Control of nonproteolytic Clostridium botulinum types B and E in crab analogs by combinations of heat pasteurization and water phase salt

• Published in: Journal of food protection Vol. 65; no. 1; pp. 130 - 139
• Main Authors: PETERSON, M. E, PARANJPYE, R. N, POYSKY, F. T, PELROY, G. A, EKLUND, M. W
• Format: Journal Article
• Language: English
• Published: Des Moines, IA International Association of Milk, Food and Environmental Sanitarians 2002
• Subjects: Animals; Biological and medical sciences; Botulinum Toxins - biosynthesis; Brachyura; Clostridium botulinum; Clostridium botulinum - drug effects; Clostridium botulinum - growth & development; Fish and seafood industries; Fish Products - microbiology; Food Handling - methods; Food industries; Food Microbiology; Food Preservation; Fundamental and applied biological sciences.
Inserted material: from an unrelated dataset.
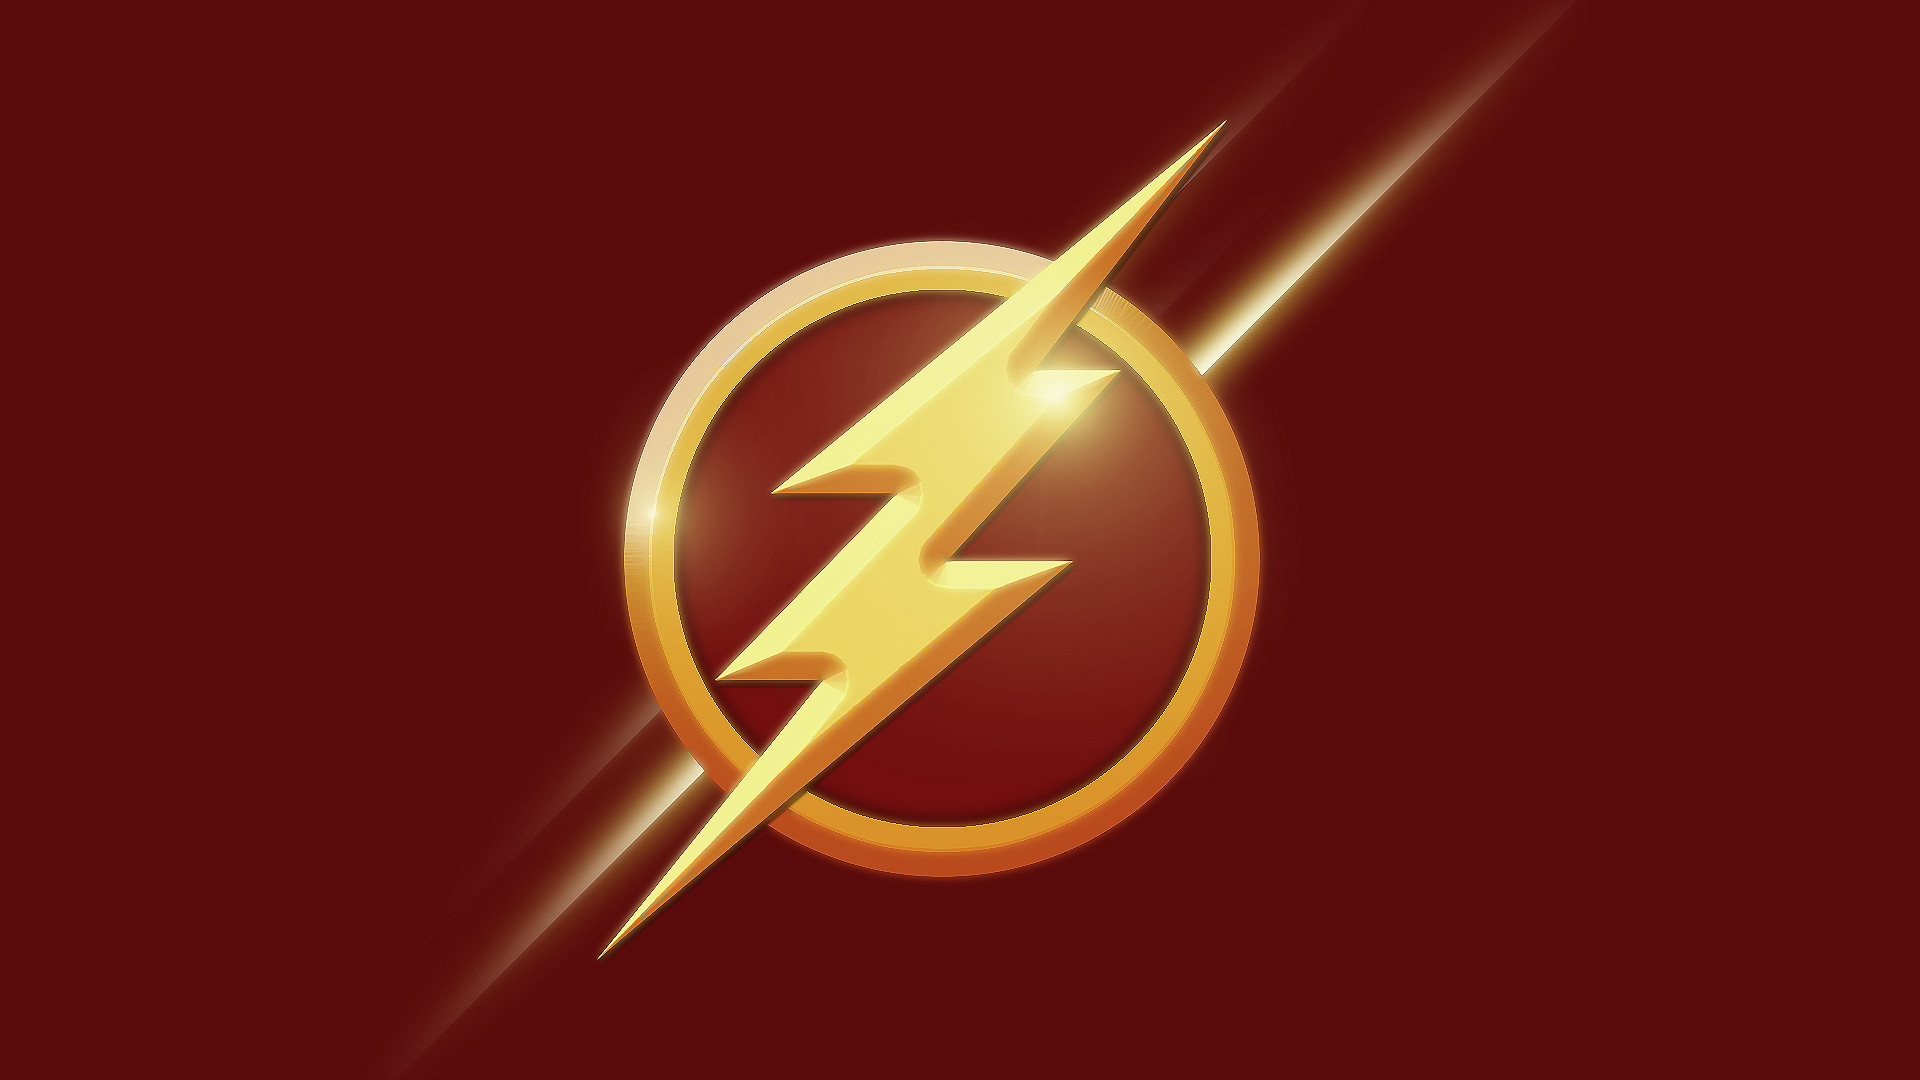 CW Flash iPhone Wallpaper

Psychology; Hot Temperature; Sodium Chloride - pharmacology; Spores, Bacterial; Time Factors; Temperature; Heat treatment; Clostridium botulinum; Microbiological testing; Pasteurization; Clostridiales; Inactivation; Chemical treatment; Pathogenic; Quality; Clostridiaceae; Food preservation; Bacteria; Fish product; Biological contamination; Surimi; Sodium Chlorides
• ISSN: 0362-028X; 1944-9097
• DOI: 10.4315/0362-028X-65.1.130

Water phase sodium chloride (WPS) levels of 1.8 to 3.0% in combination with heat pasteurization for 15 min at temperatures of 75, 80, 85, and 90 degrees C were evaluated as methods for the inactivation or inhibition of nonproteolytic, psychrotrophic Clostridium botulinum types B and E in crab analogs (imitation crab legs) subsequently stored at 10 and 25 degrees C. Samples inoculated with 10(2) type B or E spores per g prior to pasteurization remained nontoxic for 120 days at 10 degrees C and for 15 days at 25 degrees C. With 10(4) type E spores per g and 80 degrees C pasteurization, > or = 2.4 and 2.7% WPS was required for inhibition at 10 and 25 degrees C storage, respectively. Pasteurization at 85 degrees C decreased the inhibitory level of WPS to 2.1% at 10 degrees C and to 2.4% at 25 degrees C. When the inoculum was 10(4) type B spores per g, samples with 2.7% WPS were toxic after 80 days of storage at 10 degrees C. Samples inoculated with 10(3) type B spores per g and processed at 85 degrees C remained nontoxic for 15 days at 25 degrees C with a WPS of > or = 2.4%. When pasteurization was carried out before inoculation and packaging, 1.8% WPS prevented toxin production by 10(2) and 10(4) type E spores per g for 30 days at 10 degrees C, and this time period increased as the WPS concentrations increased. Three percent WPS prevented toxin production by 10(4) type E spores per g in vacuum-packaged analogs stored 110 days at 10 degrees C. Pasteurization processes used in these experiments, however, do not inactivate the heat-resistant proteolytic types of Clostridium botulinum. Therefore, the most important factor controlling the growth of this bacterium is continuous refrigeration below 3.0 degrees C or frozen storage of the finished product.